====== DATA PROVIDED ======

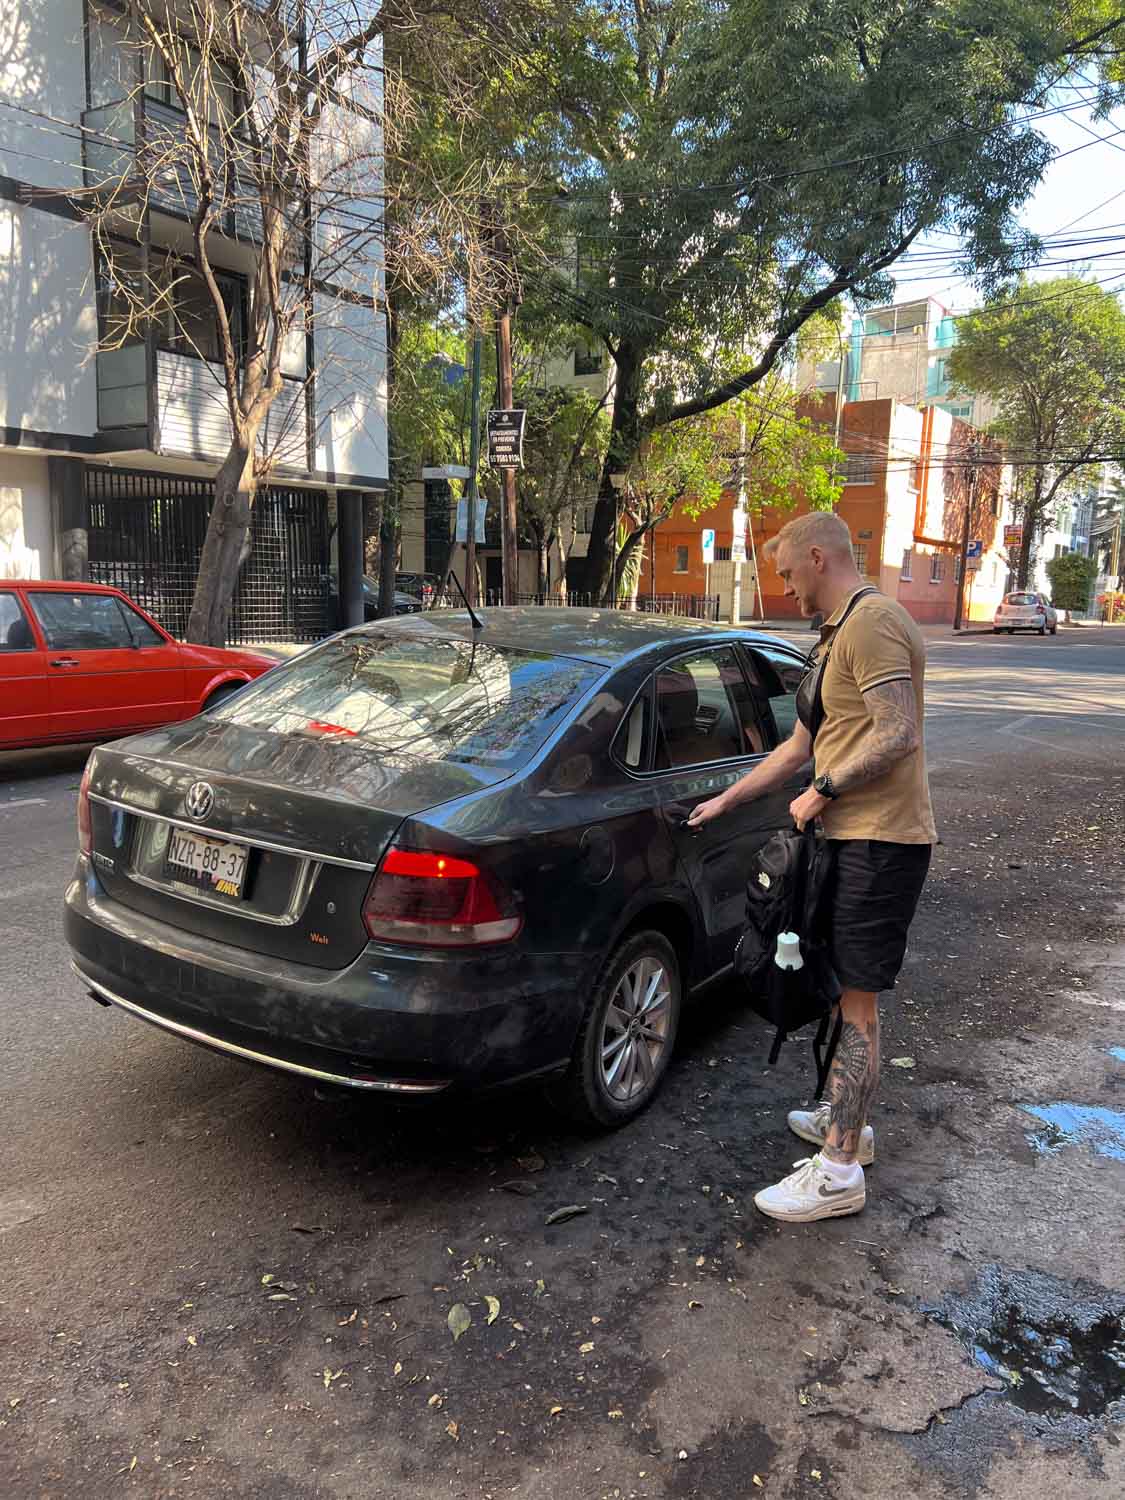 Blogger Robin getting into Uber car in La Condesa.
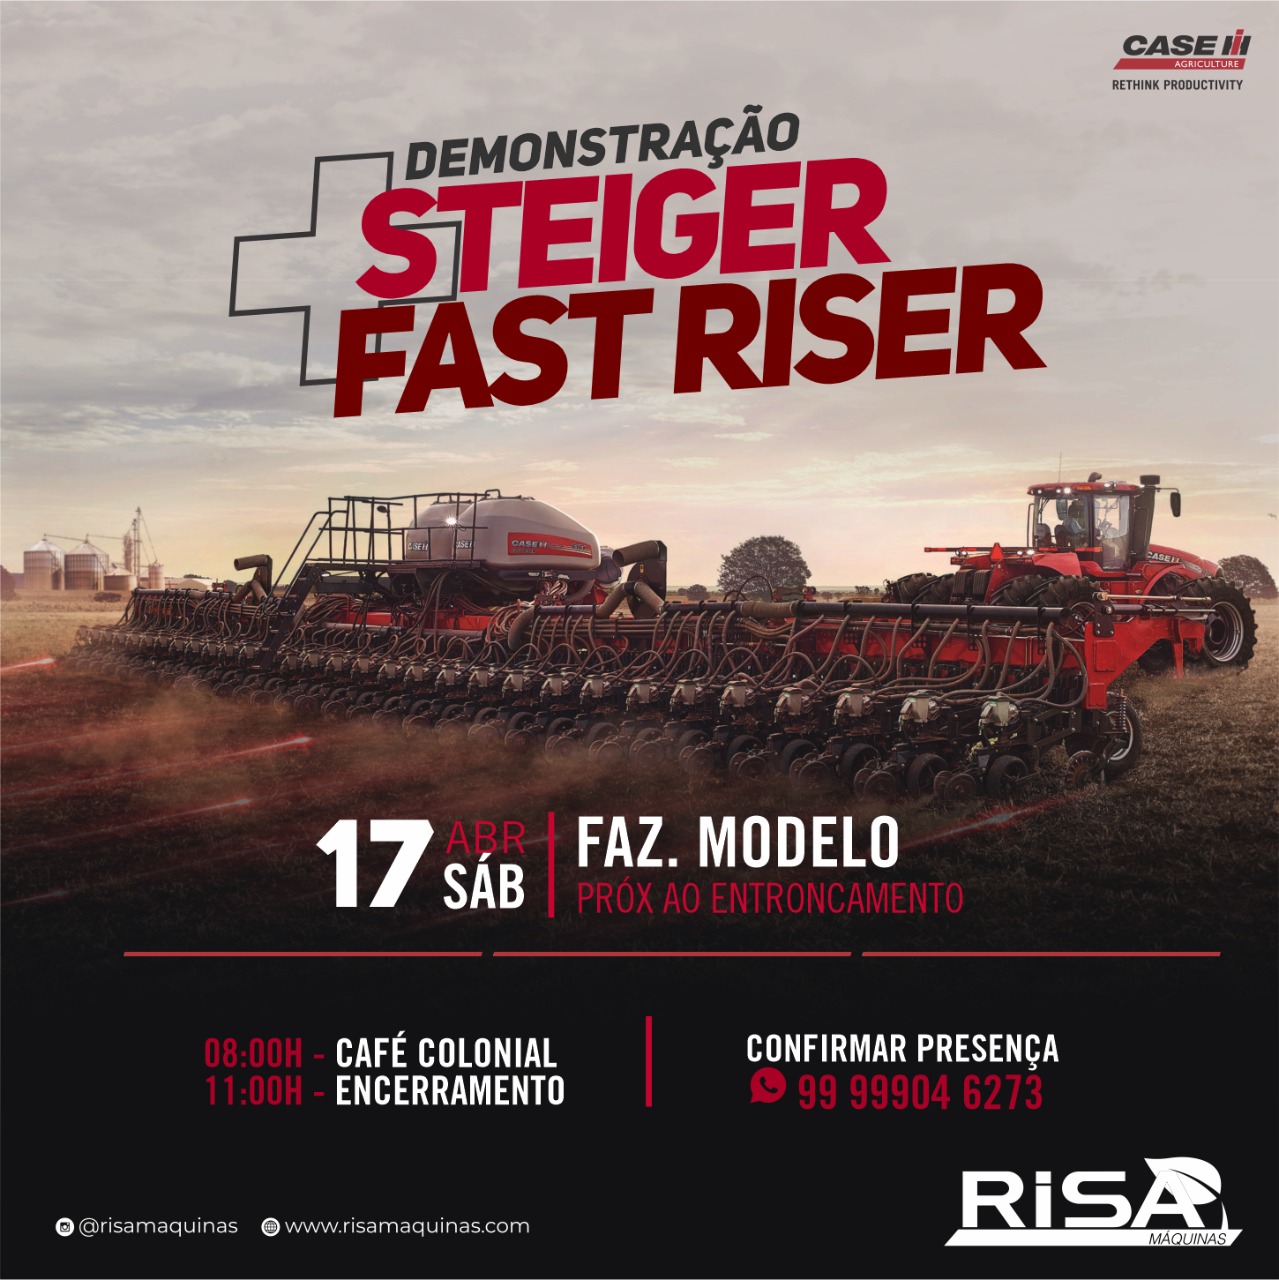 Demonstração do trator Steiger 470 e da plantadeira Fast Riser 61 linhas da Case IH
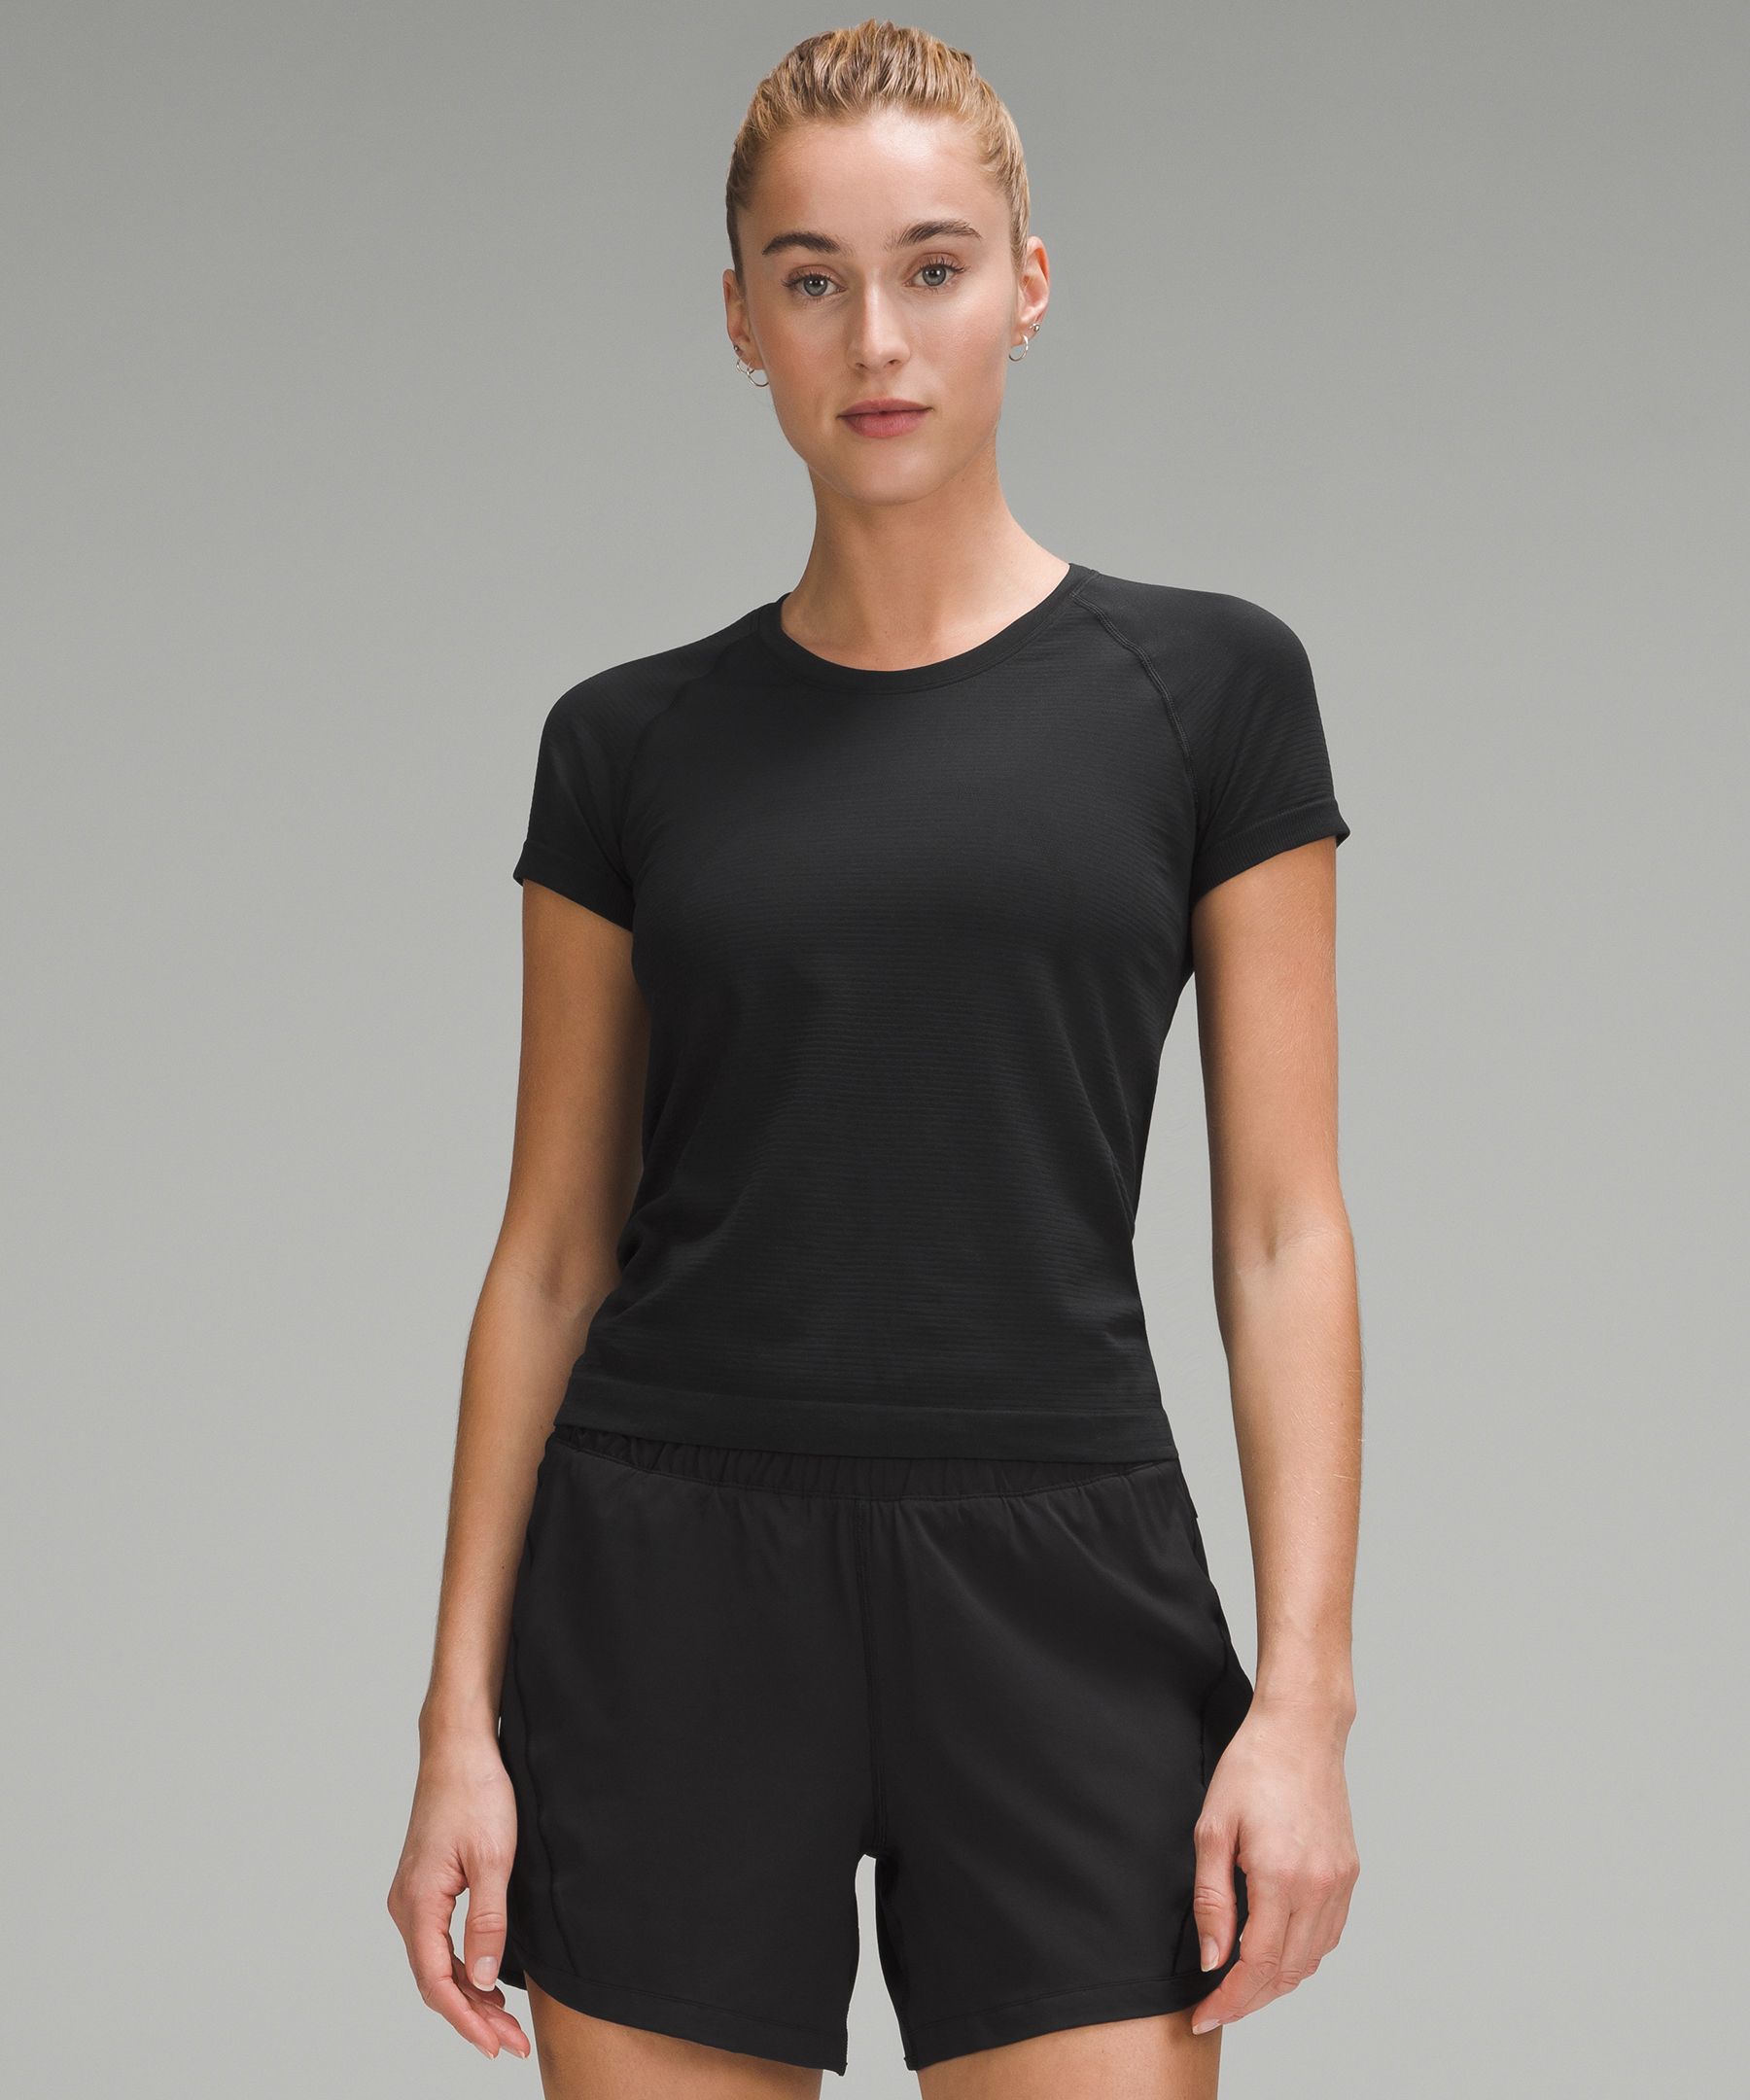 Swiftly Tech Short-Sleeve Shirt 2.0 *Waist Length | Women's Short Sleeve Shirts & Tee's

======

TASK :: Starting at the line that contains "Demonstração do trator", retype each line through the final one in the listing, with both ends kept and the pictures omitted.

ANSWER TO THE PROBLEM ::
 Demonstração do trator Steiger 470 e da plantadeira Fast Riser 61 linhas da Case IH
 Swiftly Tech Short-Sleeve Shirt 2.0 *Waist Length | Women's Short Sleeve Shirts & Tee's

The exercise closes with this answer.